Not even Pokémon is exempt from the controversies surrounding AI benchmarking. Recently, a post on social media platform X gained significant attention, claiming that Google’s latest Gemini model outperformed Anthropic’s flagship Claude model within the original Pokémon video game trilogy. According to reports, Gemini had advanced to Lavender Town during a developer’s Twitch stream, while Claude was still at Mount Moon as of late February.
The post that highlighted Gemini’s progress did not mention that Gemini had a unique advantage. Reddit users noted that the developer managing the Gemini stream had implemented a custom minimap, which assists the model in identifying in-game “tiles,” such as cuttable trees. This feature reduces the necessity for Gemini to analyze screenshots before executing gameplay decisions.
Although using Pokémon as an AI benchmark is not considered a highly informative test of a model’s capabilities, it serves as an example of how varying implementations of a benchmark can impact the results. For instance, Anthropic reported two different scores for its latest Anthropic 3.7 Sonnet model on the benchmark SWE-bench Verified, intended to assess a model’s coding abilities. The Claude 3.7 Sonnet attained 62.3% accuracy on SWE-bench Verified, but reached 70.3% accuracy when using a “custom scaffold” developed by Anthropic.

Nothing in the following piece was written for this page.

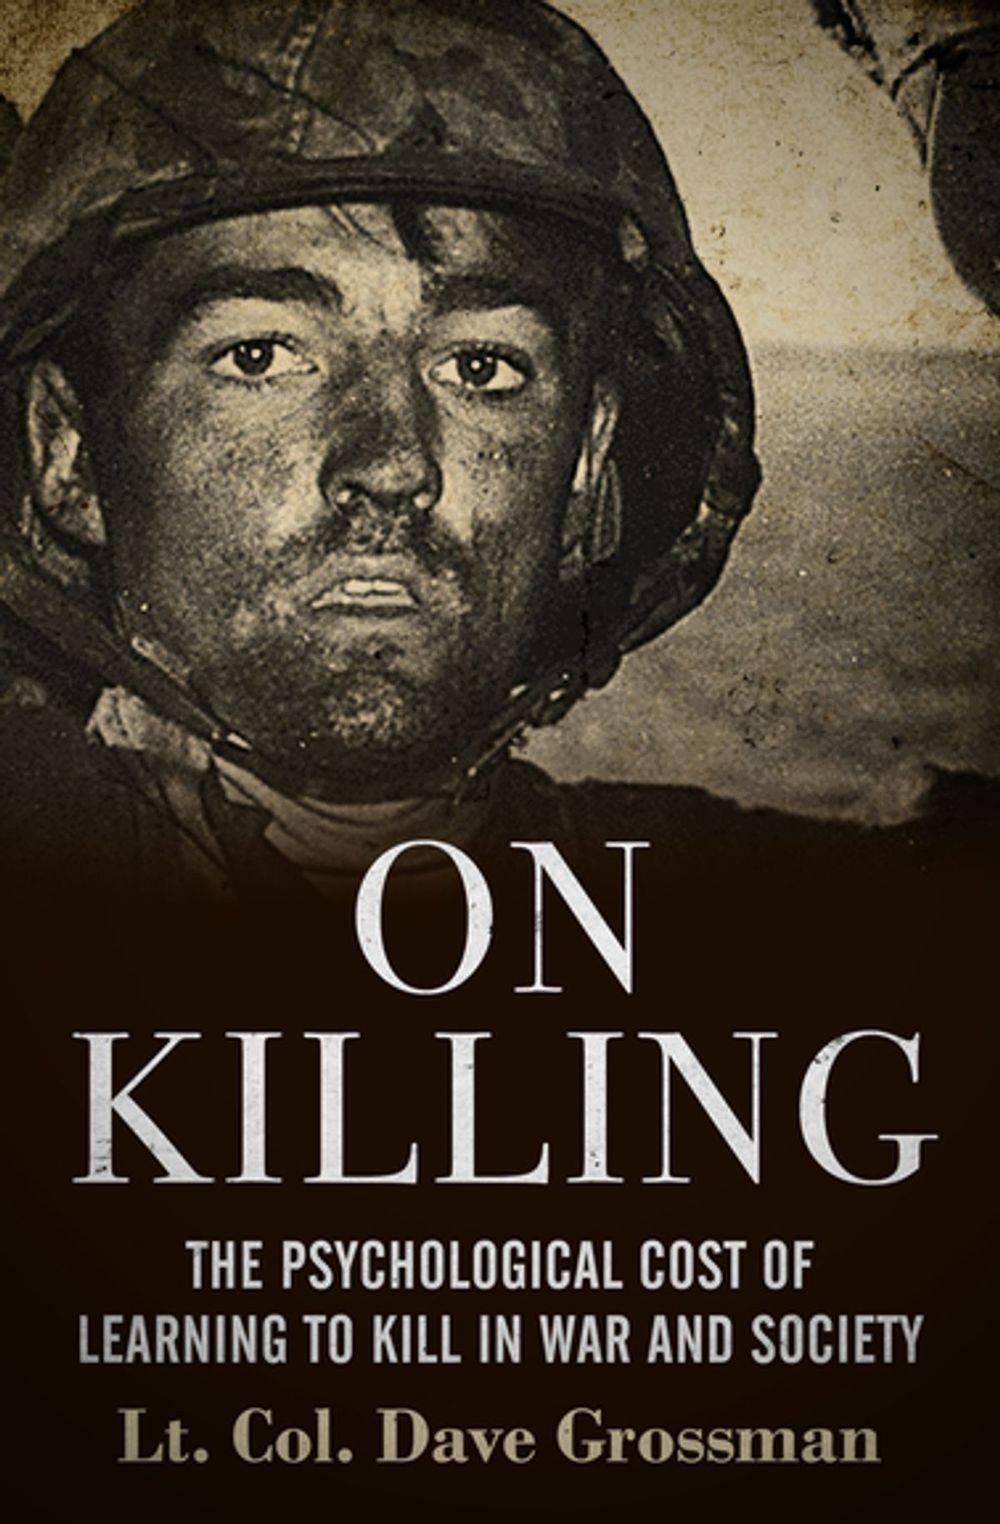 on killing, dave grossman, killing, war, society, war is my business

Moreover, Meta fine-tuned a version of its new model, Llama 4 Maverick, to perform effectively on a specific benchmark, LM Arena. In contrast, the vanilla version of the model scored significantly lower on the same evaluation.
Considering that AI benchmarks, including Pokémon, are imperfect measures, the introduction of custom and non-standard implementations complicates the comparison of models. Consequently, it appears unlikely that assessing and comparing models will become simpler as they continue to be released.